= Charlotte Mendelson =

English novelist and editor, born 1972

Charlotte Jane Mendelson (born 1 November 1972) is an English novelist and editor. She was placed 60th on the Independent on Sunday "Pink List 2007".

==Biography==
Charlotte Mendelson was born on 1 November 1972 in London, England, the daughter of a barrister, Maurice Harvey Mendelson. Mendelson's family moved to Oxford when she was two, where her father taught at St John's College, Oxford. She attended Oxford High School and New College, Oxford, where she received a BA degree in Ancient and Modern History. She was an editor at Jonathan Cape in 1996–1997 and at Headline Review in 1998–2014.
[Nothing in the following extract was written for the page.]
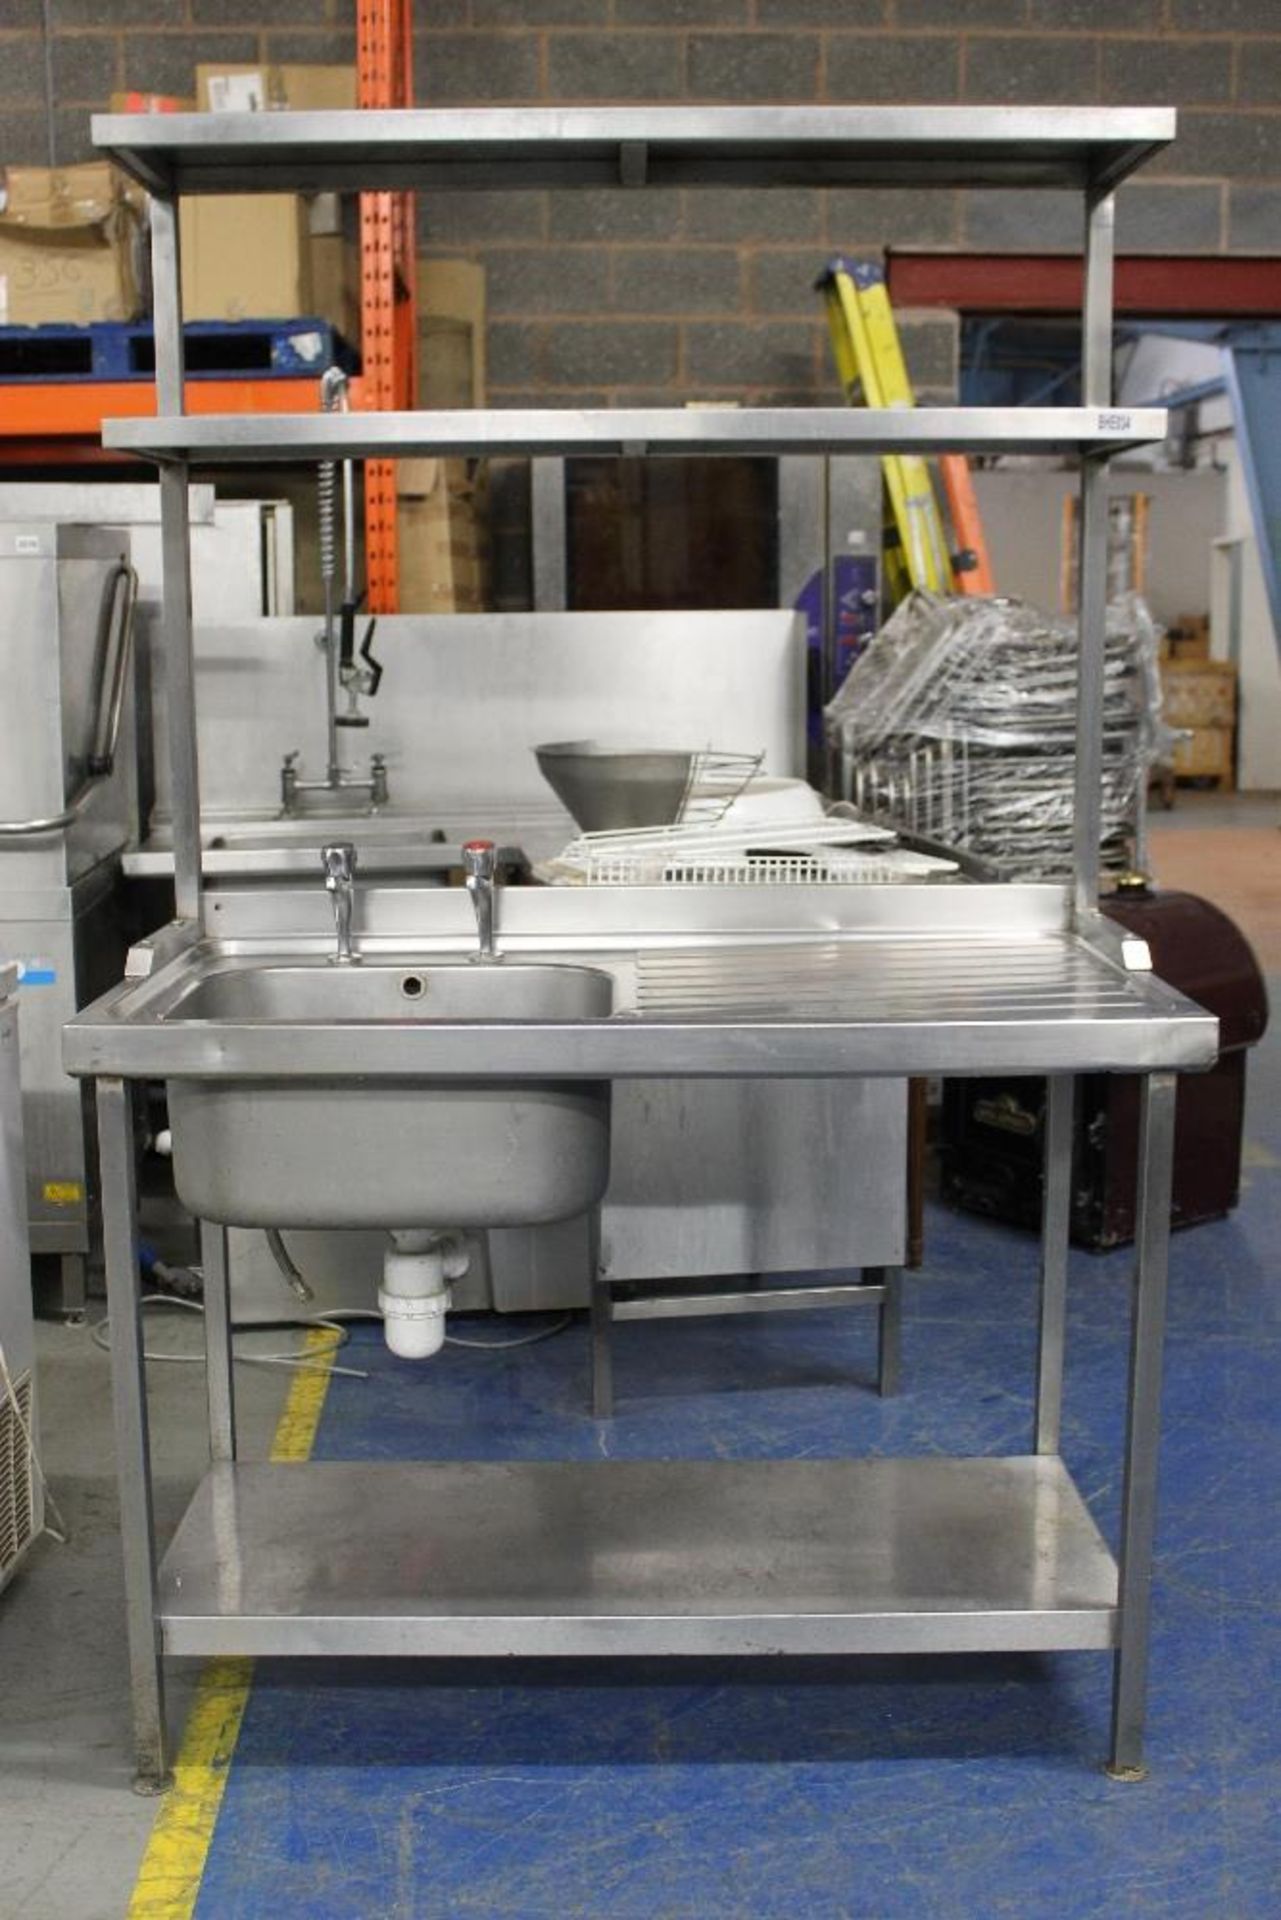 Stainless Steel Single Bowl Catering Sink with Under Shelf + 2 Upper Shelf Units – W120cm x H186cm x - Image 3 of 3

Mendelson has been a visiting professor of creative writing at Royal Holloway, University of London, since 2017 and a gardening correspondent at the New Yorker since the same year. She became a Fellow of the Royal Society of Literature in 2018.

==Bibliography==
- Love in Idleness (2001)
- Daughters of Jerusalem (2003)
- When We Were Bad (2007)
- Almost English (2013)
- Rhapsody In Green (2016)
- The Exhibitionist (2022)
- Wife (2024)

==Awards and nominations==
- John Llewellyn Rhys Prize
- Somerset Maugham Award
- Sunday Times Young Writer of the Year (shortlisted)
- London Arts New London Writers’ Award
- K. Blundell Trust Award
- Le Prince Maurice Roman d’Amour Prize (shortlisted)
- Geoffrey Faber Memorial Prize (shortlisted)
- Man Booker Prize 2013 (longlisted)
- Baileys Women's Prize for Fiction 2014 (longlisted)
- Women's Prize for Fiction 2022 (longlisted for The Exhibitionist)

==Personal life==
Mendelson lives in London. She has one son and one daughter.